Jeff King 8f32a5a6c0 fetch-pack: re-scan when double-checking graph objects
The fetch code tries to avoid asking the remote side for an object we
already have. It does this by traversing recent commits reachable from
our refs looking for matches. Commit 5d4cc78f72 (fetch-pack: die if in
commit graph but not obj db, 2024-11-05) introduced an extra check
there: if we think we have an object because it's in the commit graph,
we double-check that we actually have it in our object database with a
call to odb_has_object().

But that call does not pass any flags, and so the function won't call
reprepared_packed_git() if it does not find the object. That opens us up
to the usual race against some other process repacking the odb:

  1. We scan the list of packs in objects/pack but haven't yet opened them.

  2. Somebody else packs the object into a new pack (which we don't know
     about), and deletes the old pack it was in.

  3. Our odb_has_object() calls tries to open that old pack, but finds it
     is gone.

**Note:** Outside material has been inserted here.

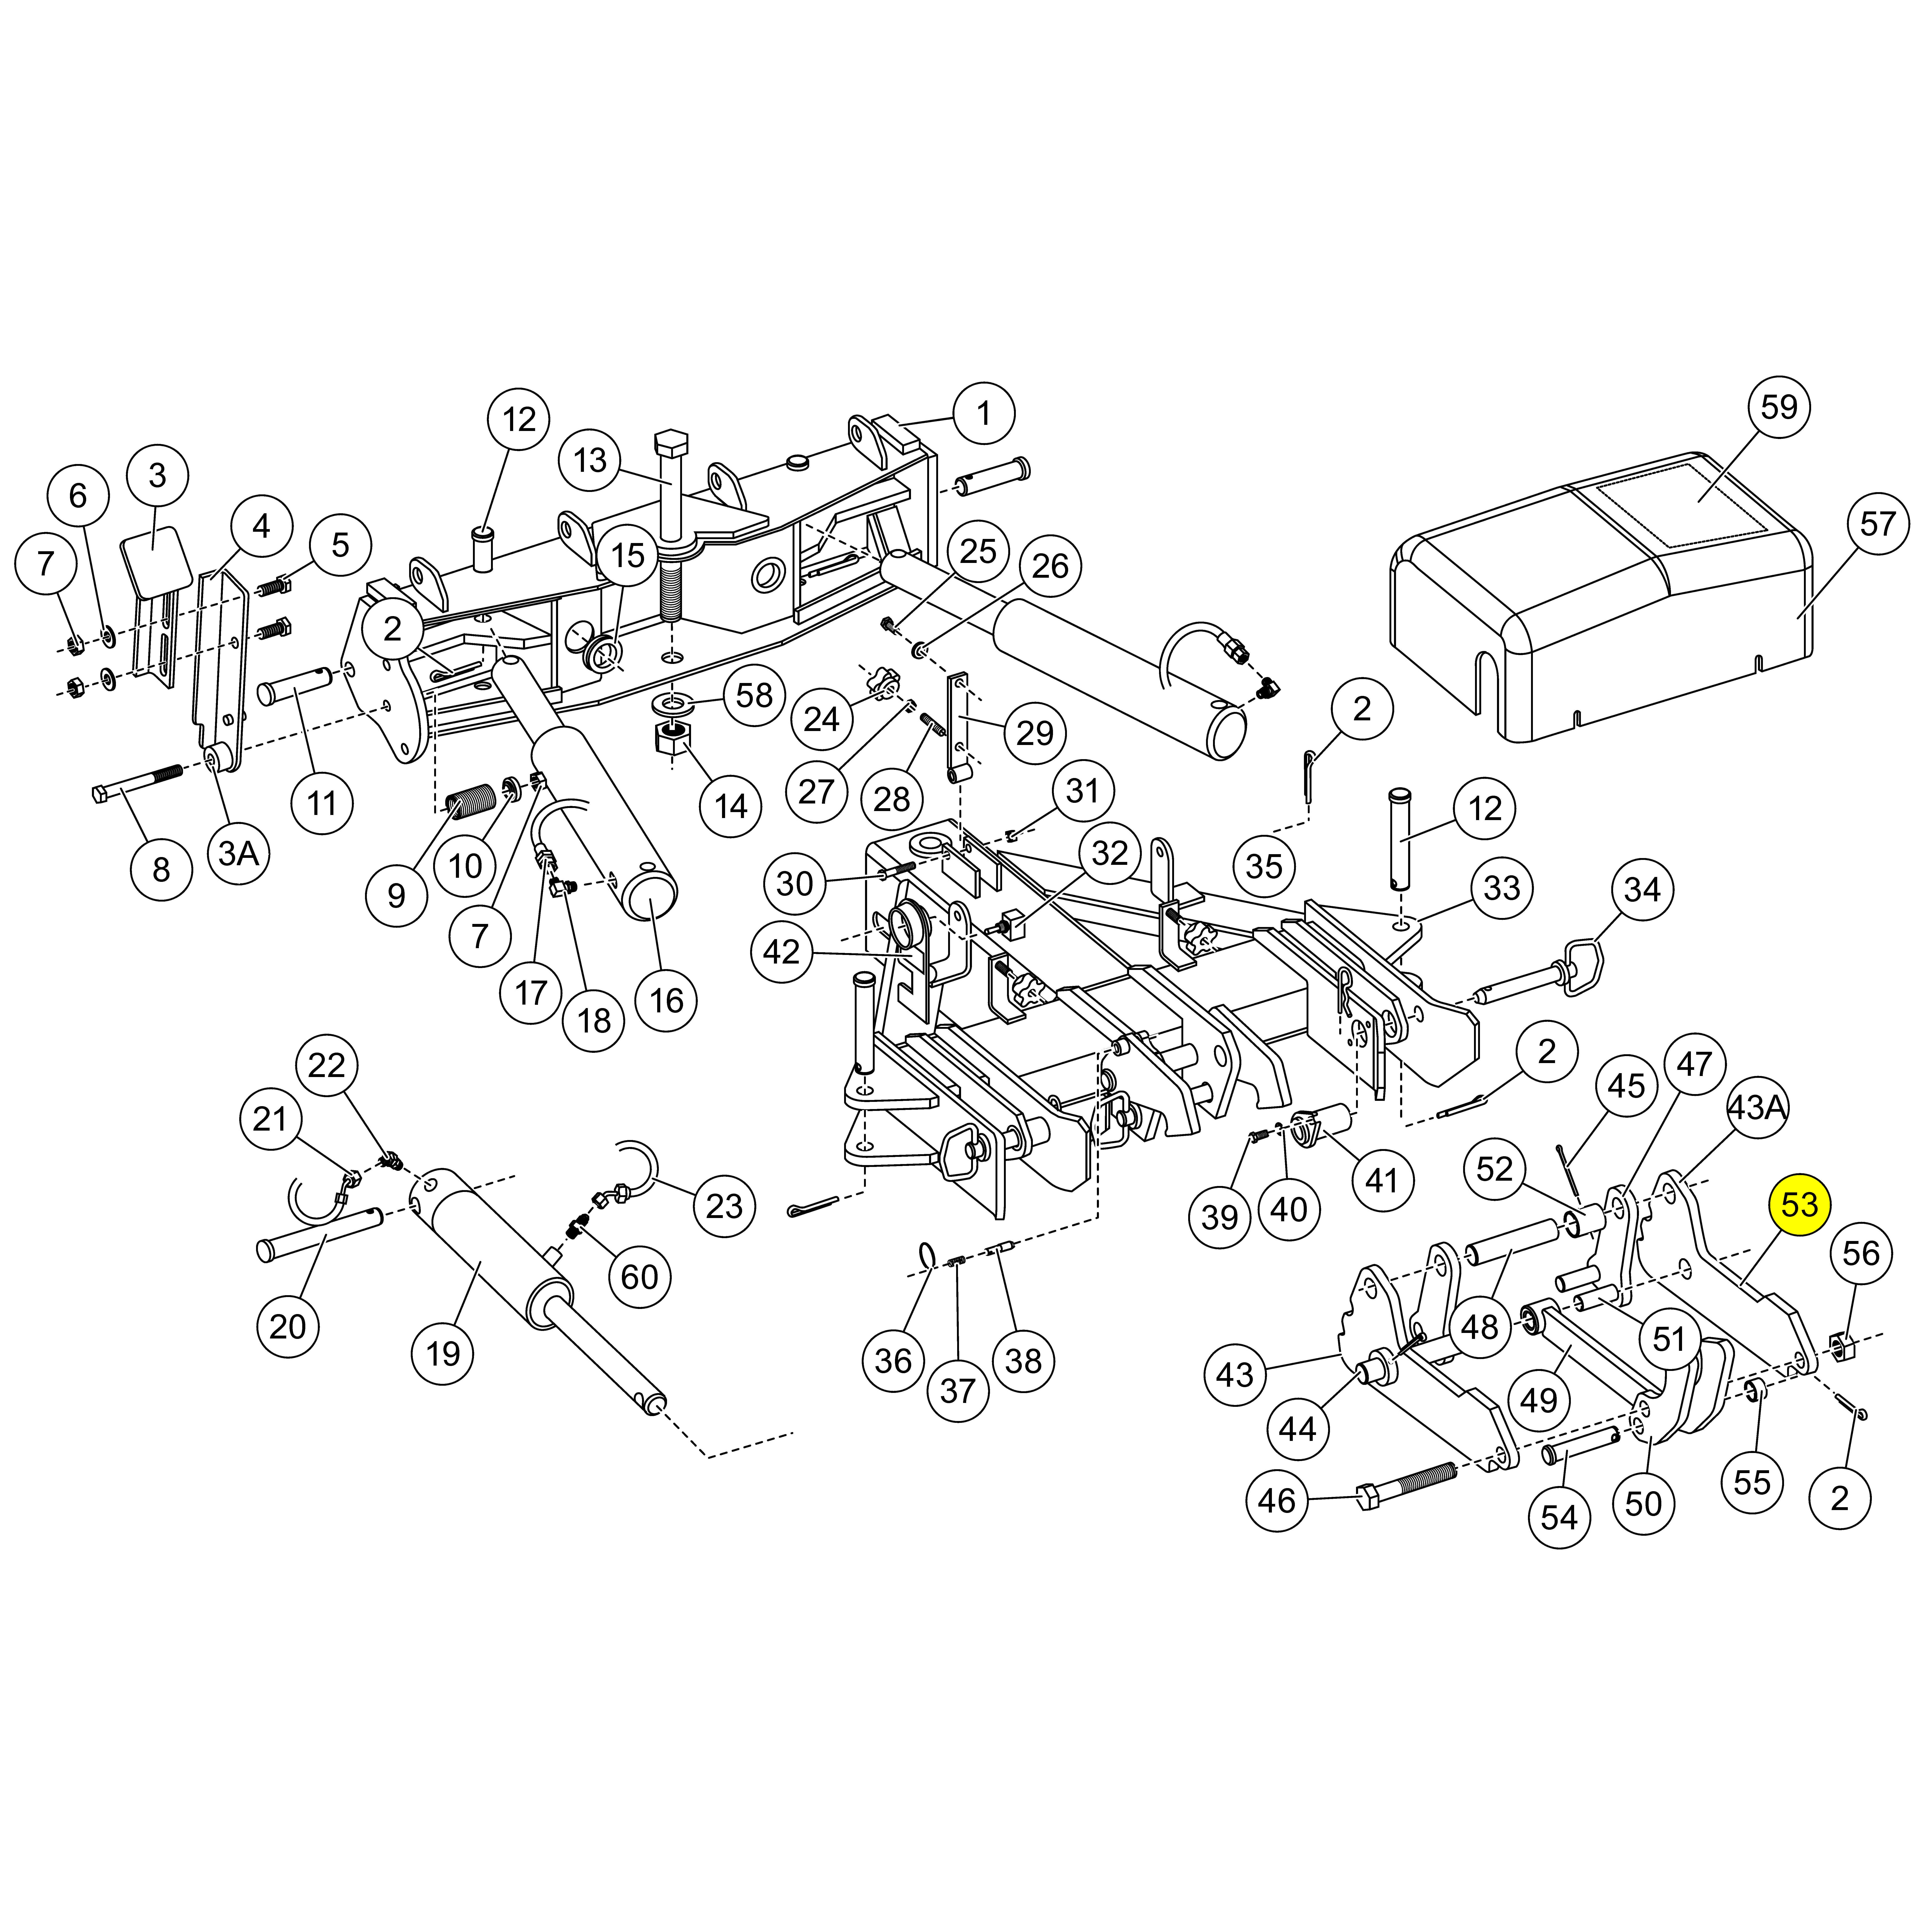 Blizzard Power Plow Motor Diagram Wiring Data Hitch Snow B40081 50 Offliqui 37 61 Call 219 Rh Vhs Hydraulics Etc Com Plows Schematic

We declare that we don't have the object.

And this causes us to erroneously complain and abort the fetch, thinking
our commit-graph and object database are out of sync. Instead, we should
pass HAS_OBJECT_RECHECK_PACKED, which will add a new step:

  4. We re-scan the pack directory again, find the new pack, and locate
     the object.

Often the fetch code tries to avoid these kinds of re-scans if it's
likely that we won't have the object. If the other side has told us
about object X and we want to know if we have it, we'll skip the re-scan
(to avoid spending a lot of effort when there are many such objects). We
can accept the racy false negative in that case because the worst case
is that we ask the other side to send us the object.

But this is not one of those cases. These are objects which are
accessible from _our_ refs, and which we already found in the commit
graph file. We should have them, and if we don't, we'll die()
immediately. So the performance impact is negligible, and getting the
right answer is important.

There's no test here because it's inherently racy. In fact, I had
trouble even developing a minimal test. The problem seen in the wild can
be produced like this:

  # Any git.git mirror which supports partial clones; I think this
  # should work with any repo that contains submodules, but note that
  # $obj below is specific to this repo
  url=https://github.com/git/git.git

  # This is a commit that is not at the tip of any branches (so after
  # we have it, we'll still have some commits to fetch).
  obj=cf6f63ea6bf35173e02e18bdc6a4ba41288acff9

  git init
  git fetch --filter=tree:0 $url $obj:refs/heads/foo
  git checkout foo
  git commit-graph write --reachable
  git fetch $url

What happens here is that the initial fetch grabs that older commit (and
its ancestors) but no trees or blobs, and the subsequent checkout grabs
the necessary trees and blobs just for that commit. The final fetch
spawns a long sequence of child fetches due to fetch_submodules(), which
wants to check whether there have been any gitlink modifications which
should trigger a fetch of the related submodule (we'll leave aside the
irony that we did not even check out any submodules yet).

That series of fetches causes us to accumulate packs, which eventually
triggers background maintenance to run. That repacks all-into-one, and
the pack containing $obj goes away in favor of a new pack. And then the
fetch eventually fails with:

  fatal: You are attempting to fetch cf6f63ea6b, which is in the commit graph file but
not in the object database.

In the scenario above, the race becomes likely because of the long
series of quick fetches. But I _think_ the bug is independent of partial
clones entirely, and you could run into the same thing with a single
fetch, some other process running "git repack" simultaneously, and a bit
of bad luck. I haven't been able to reproduce, though. I'm not sure if
that's because there's some mis-analysis above, or if the race window is
just small enough that it's hard to trigger.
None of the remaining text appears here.